Just keep going, you know the drill.
Journalling now is pin-prick accurate. It is both enlightening, and lighten-ing. My mind feels lighter, like there’s more room and freedom for ideas to play and be seen. There is no protective film or professional work-front to get through; I can just be. And it’s not to say that I am two different people, but there is a treadmill and speed that comes from teaching which inevitably puts you into “teaching go-mode”.
Two speeds, on or off.
Being reflective and compassionate in my teaching costs every ounce of energy I have, and it is solely directed at the students under my care. I give my time and energy freely, completely in love with my work.
I am playing the piano as if I am painting my every feeling and emotion, every sound is a colour that I shape like words being formed. I’m not practising accompaniments, or hurriedly cobbling together a transcription, I am playing from the heart. My heart. I am playing and creating for the pure joy of playing, and it is intoxicating. Plus, those of you who know the hoops I have jumped through in the last three weeks as a teacher and accompanist will know that I also have a fierce ulterior motive for practising; a somewhat fiery determination to play + hone my technique (and sass) to play the goddamn arse off my Year 12 accompaniments. But I digress…!
I am composing as if I am speaking. It’s magical to be playing with a palette of words, like coloured beads, and creating a thread of sound which is both an expression of my thoughts, a message I want to bring to life, and a connection of music and living ideas. It’s slippery, frustrating work, catching and refining those beautiful, elusive melodies, and yet it’s a conversation I am absolutely, completely enraptured by.

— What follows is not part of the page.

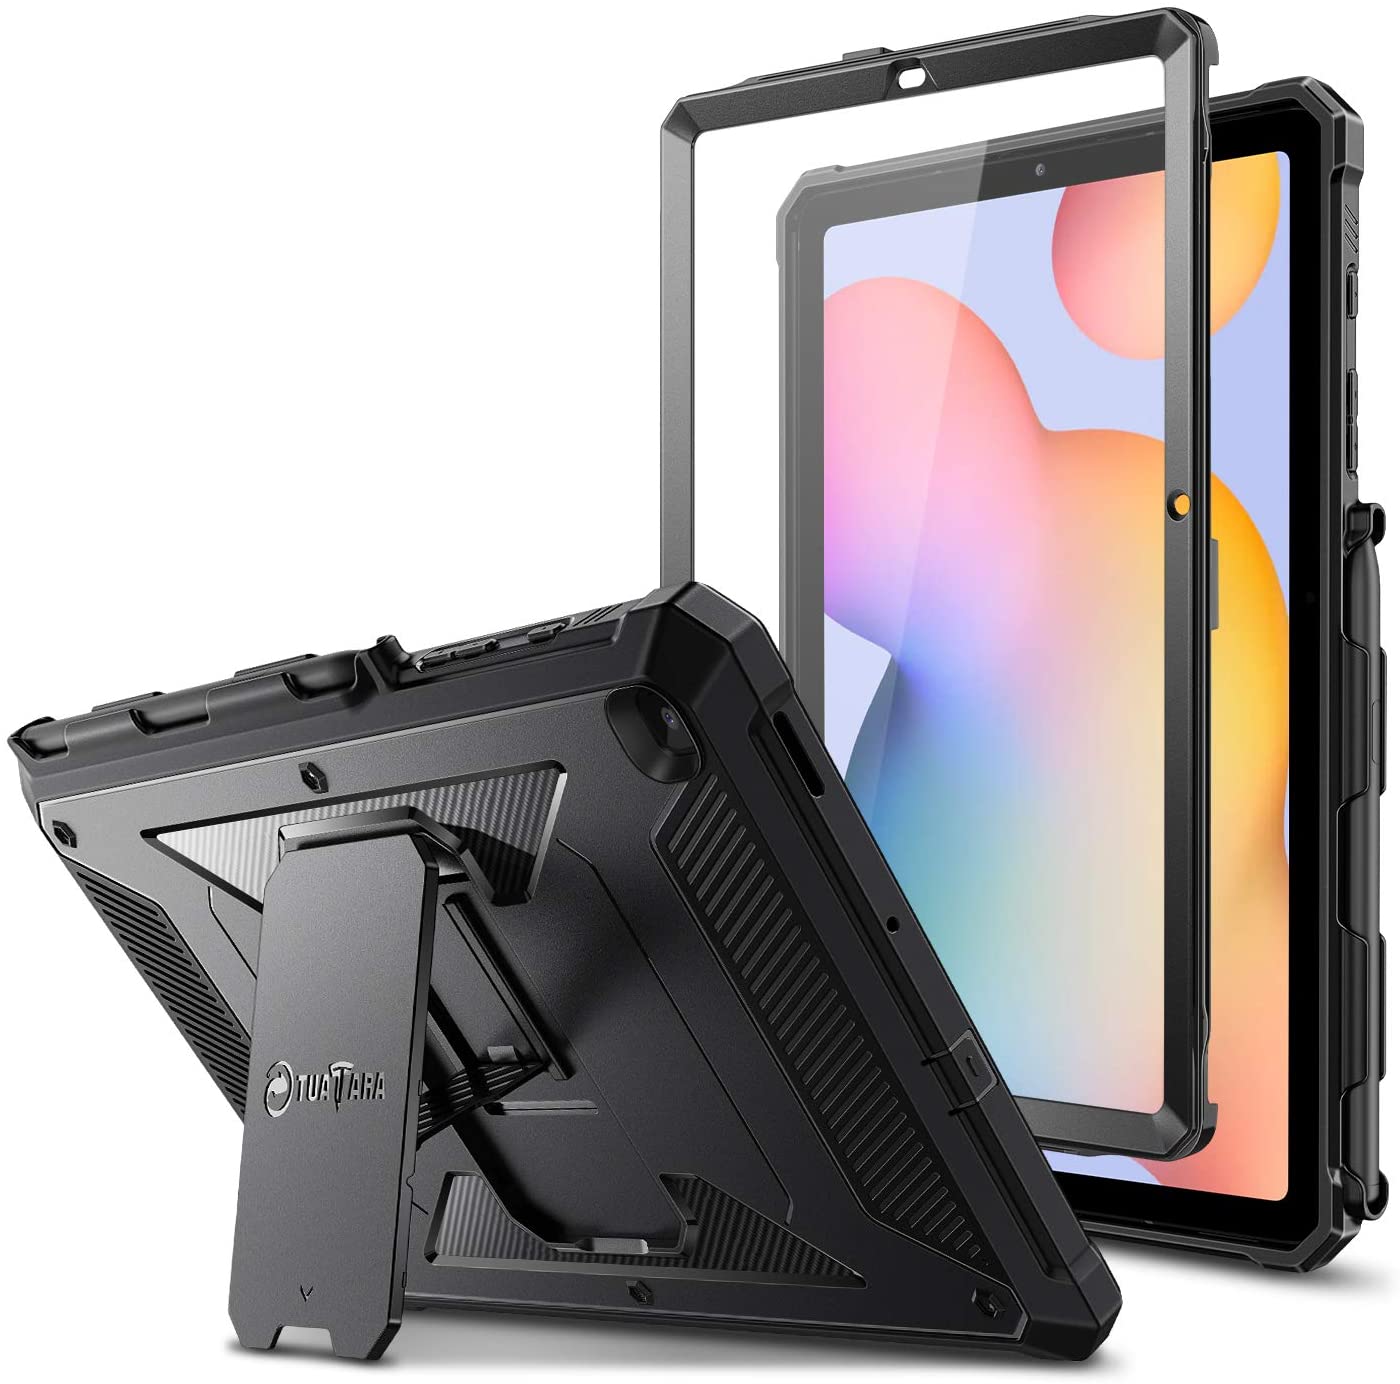 Funda a prueba de golpes para Samsung Galaxy Tab S6 Lite 10.4 pulgadas 2020 modelo SM-P610/P615 color negro

And I look at all that I am doing; journalling, writing, reading, composing, speaking, creating and I ask myself: What right do I have to be this creative in so many different fields?

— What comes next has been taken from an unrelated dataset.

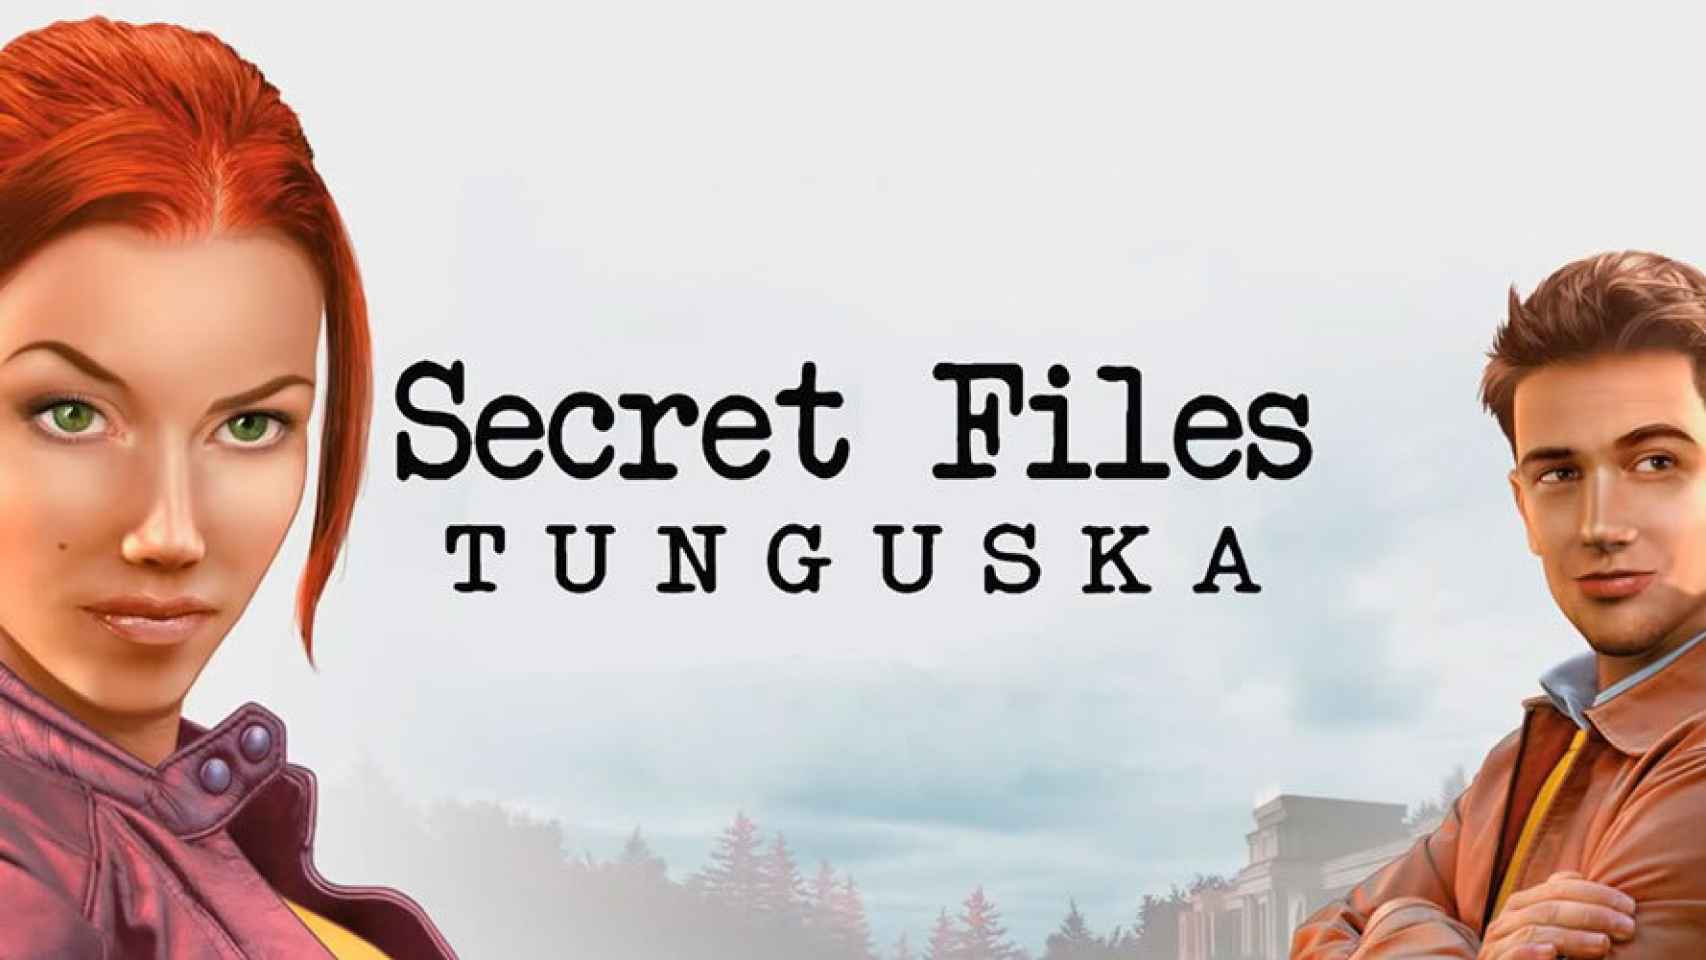 Secret Files: Tunguska, la aventura gráfica de misterio completamente en español

Yes, I am on holidays and I have time to indulge my creative self and spirit. But shouldn’t I choose one place to refine? One place to strive for excellence, and to hone my ideas? Why am I being so selfish, so carefree, so audacious with my creativity that I am squandering hours joyfully engrossed in everything expressive?
How wasteful. How audacious. How selfish!

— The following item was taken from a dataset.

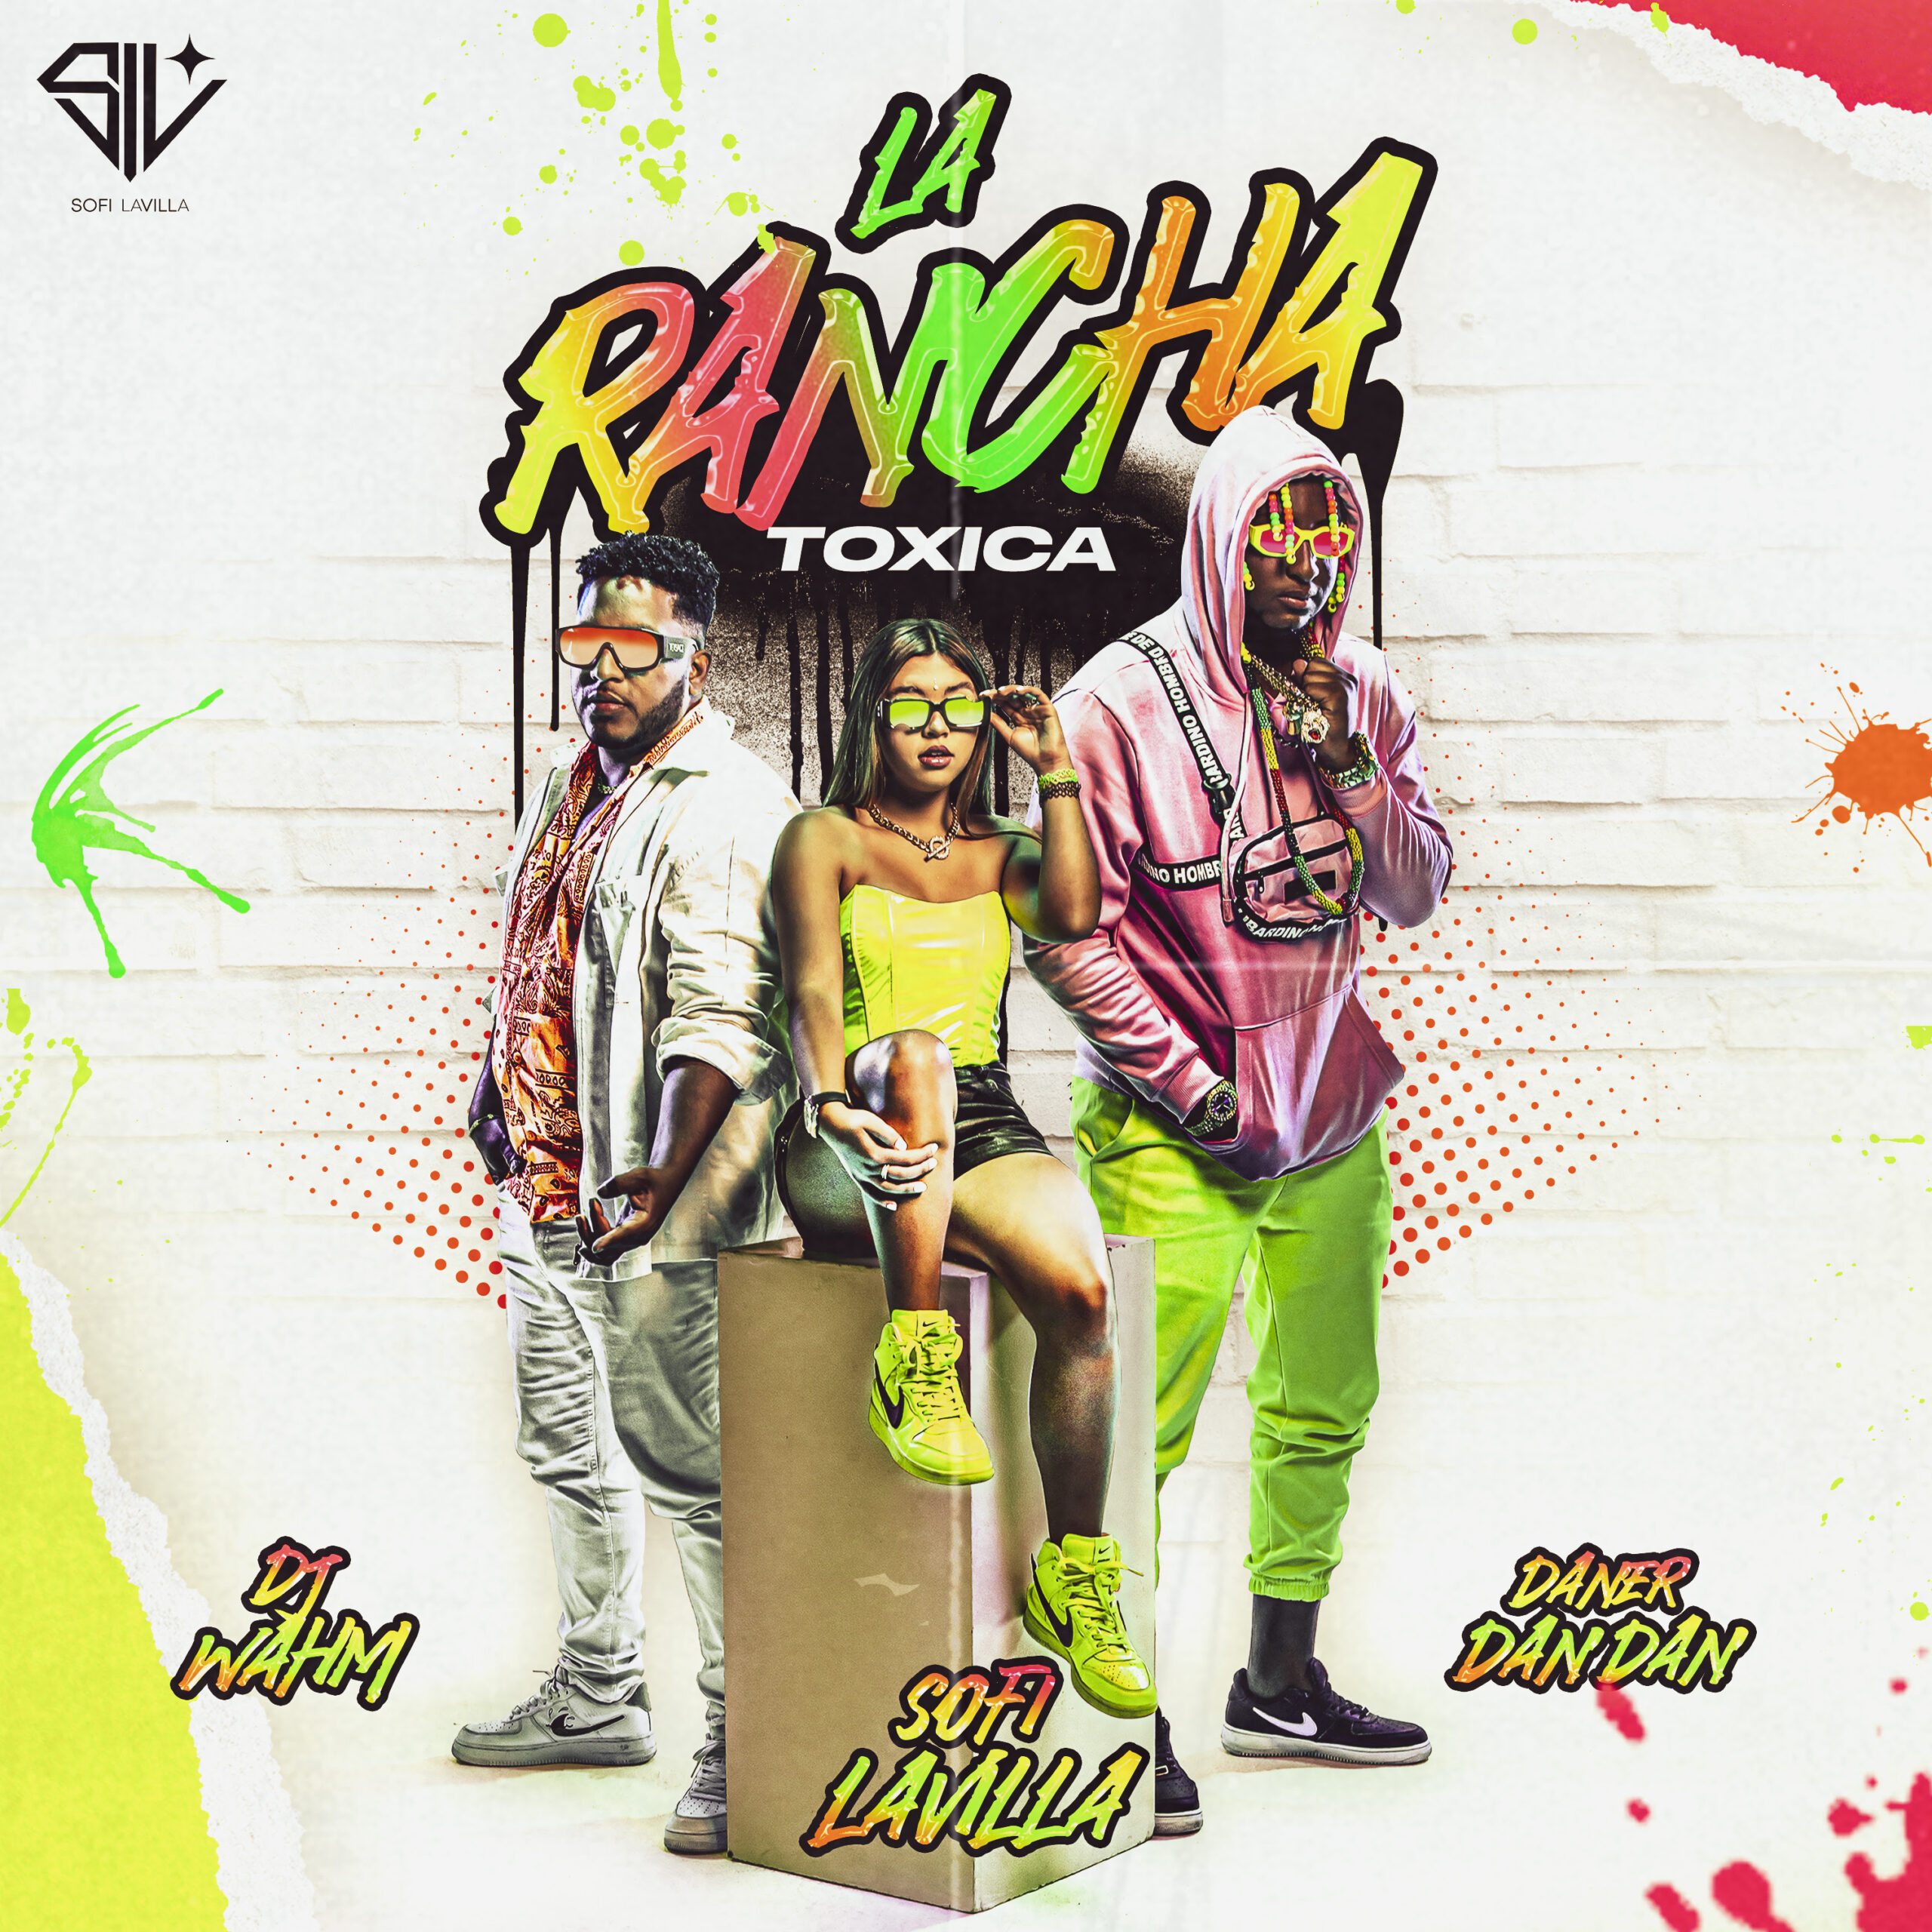 ¡Innovando en su estilo musical! Así es como Sofi LaVilla presenta su nuevo sencillo «La Rancha» junto a Daner Dan Dan y Dj Wahm

And then I think: Why shouldn’t I?
I am not being creative to strive toward excellence, even though I know that if I do it for long enough, excellence comes off what I create naturally, like a heat and light that others gravitate toward.
I am being creative for myself. I have a voice that is fluid and alive in many different mediums, why shouldn’t I delight in using it?
It actually doesn’t matter if I don’t reach a level of excellence in anything that I do at this moment in time; the only thing that matters is that I create.
That I create because I am human, with a heart that works, and a spirt that is alive.
That I create because I feel, and that alone is enough for expression in any medium.
That I create because I am moved to do so, filled with inspiration and something to say.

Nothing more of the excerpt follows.